L'Arabie saoudite courtise les investisseurs privés pour le stade Aramco de la Coupe du Monde 2034
Le groupe ROSHN, soutenu par l'État, a nommé JPMorgan pour gérer la levée de fonds en capital pour le stade Aramco de 47 000 places à Al Khobar, l'un des 15 sites en construction ou rénovation pour la Coupe du Monde FIFA 2034, alors que le gouvernement saoudien fait face à un déficit budgétaire croissant.
Le groupe ROSHN, soutenu par l’État saoudien, recherche des investisseurs privés pour le stade Aramco à Al Khobar, un site clé de la Coupe du Monde FIFA 2034, alors que le royaume doit faire face à un déficit budgétaire croissant et à des pressions montantes sur les finances publiques.
ROSHN, filiale du fonds souverain saoudien de 1,2 billion de dollars, le Public Investment Fund (PIF), aurait nommé JPMorgan pour gérer le processus de levée de fonds en capital.
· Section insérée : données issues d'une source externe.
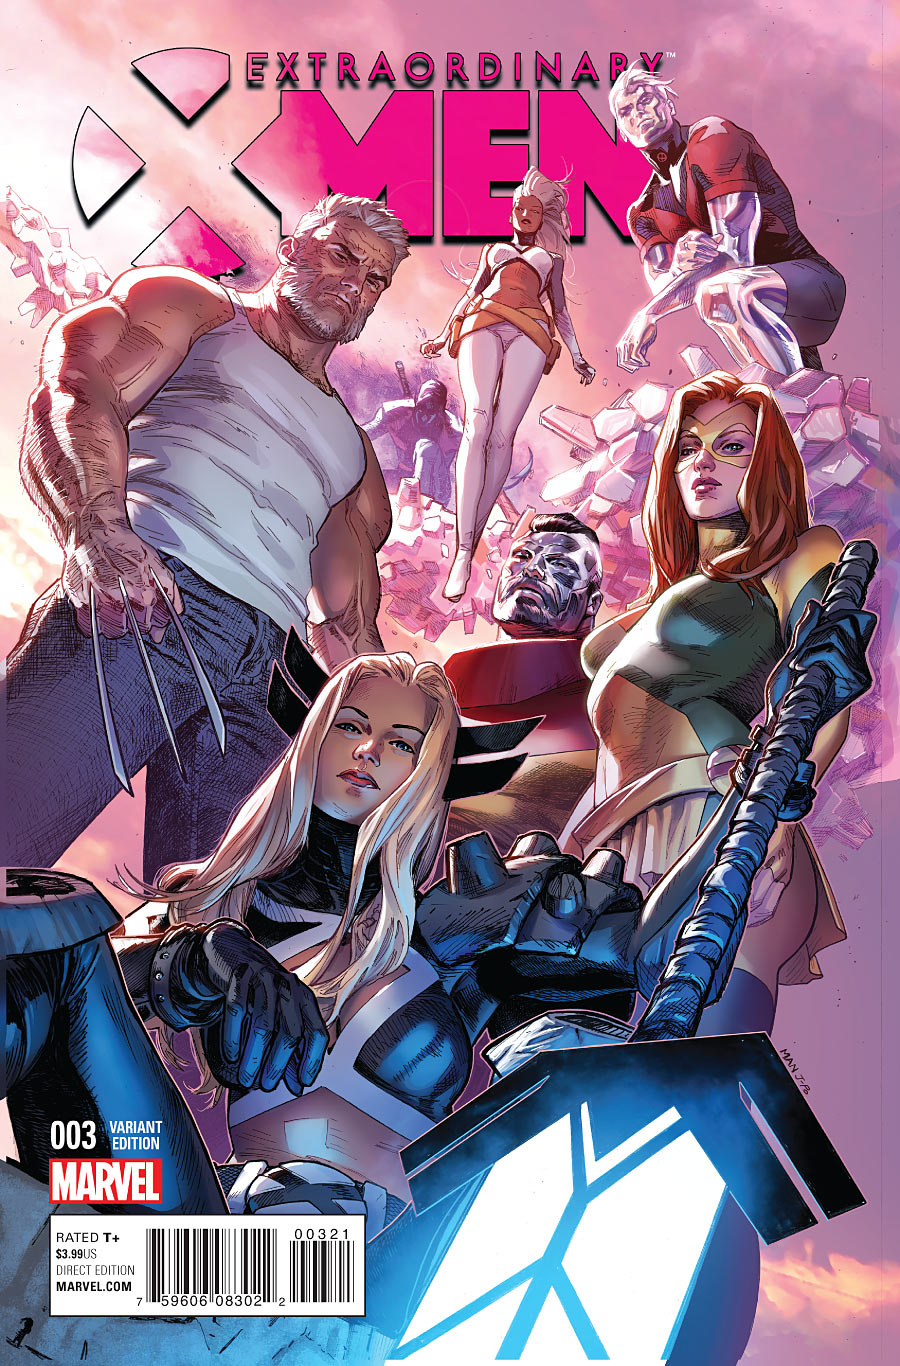 Extraordinary X-Men #14

Des sources familières avec les discussions, qui ont demandé l’anonymat car les négociations ne sont pas publiques, ont déclaré que le PIF et ROSHN ont évalué l’intérêt des investisseurs privés pour le stade. JPMorgan et Saudi Aramco ont refusé de commenter; ROSHN et le PIF n’ont pas répondu aux demandes de commentaires.
Le stade Aramco de 47 000 places doit être achevé d’ici la fin de cette année, son premier match étant prévu en janvier. Saudi Aramco, le géant pétrolier d’État, exploite le site en vertu d’une concession de 25 ans, ROSHN agissant en tant que propriétaire et développeur.
L’accord proposé devrait suivre une structure de location et de relocation — un modèle qu’Aramco a déjà utilisé pour ses actifs de pipelines pétroliers et gaziers, attirant des investisseurs majeurs tels qu’EIG Global Energy Partners et Global Infrastructure Partners, filiale de BlackRock. Dans ce cadre, ROSHN établirait un véhicule dédié pour contrôler le droit de location, copropriété avec les investisseurs qui fournissent le capital initial. Les investisseurs recevraient en retour un flux de revenus à long terme provenant des paiements de location d’Aramco, tandis que ROSHN libère des capitaux pour d’autres projets.
Cet effort de levée de fonds reflète un changement stratégique plus large alors que l’Arabie saoudite s’efforce de diversifier son économie en s’éloignant des revenus pétroliers et gaziers dans le cadre de son plan Vision 2030. Les entités publiques se tournent de plus en plus vers des capitaux externes pour financer une gamme de projets d’infrastructure logistique, touristique et sportive.
La Coupe du Monde 2034 se situe au cœur de cet agenda. Riyad prévoit de construire ou rénover 15 stades dans cinq villes pour le tournoi, aux côtés de 132 sites d’entraînement. La compétition sera la première fois qu’une seule nation accueille le format élargi à 48 équipes — une ampleur reconnue par le ministre des Sports saoudien Prince Abdulaziz bin Turki AlFaisal comme un défi important.
Le royaume a cependant rencontré des difficultés pour livrer certains projets phares, entravé par des dépassements de budget et des prix pétroliers mondiaux plus bas que prévu, qui ont réduit les revenus publics et ajouté de l’urgence à la recherche de capitaux privés.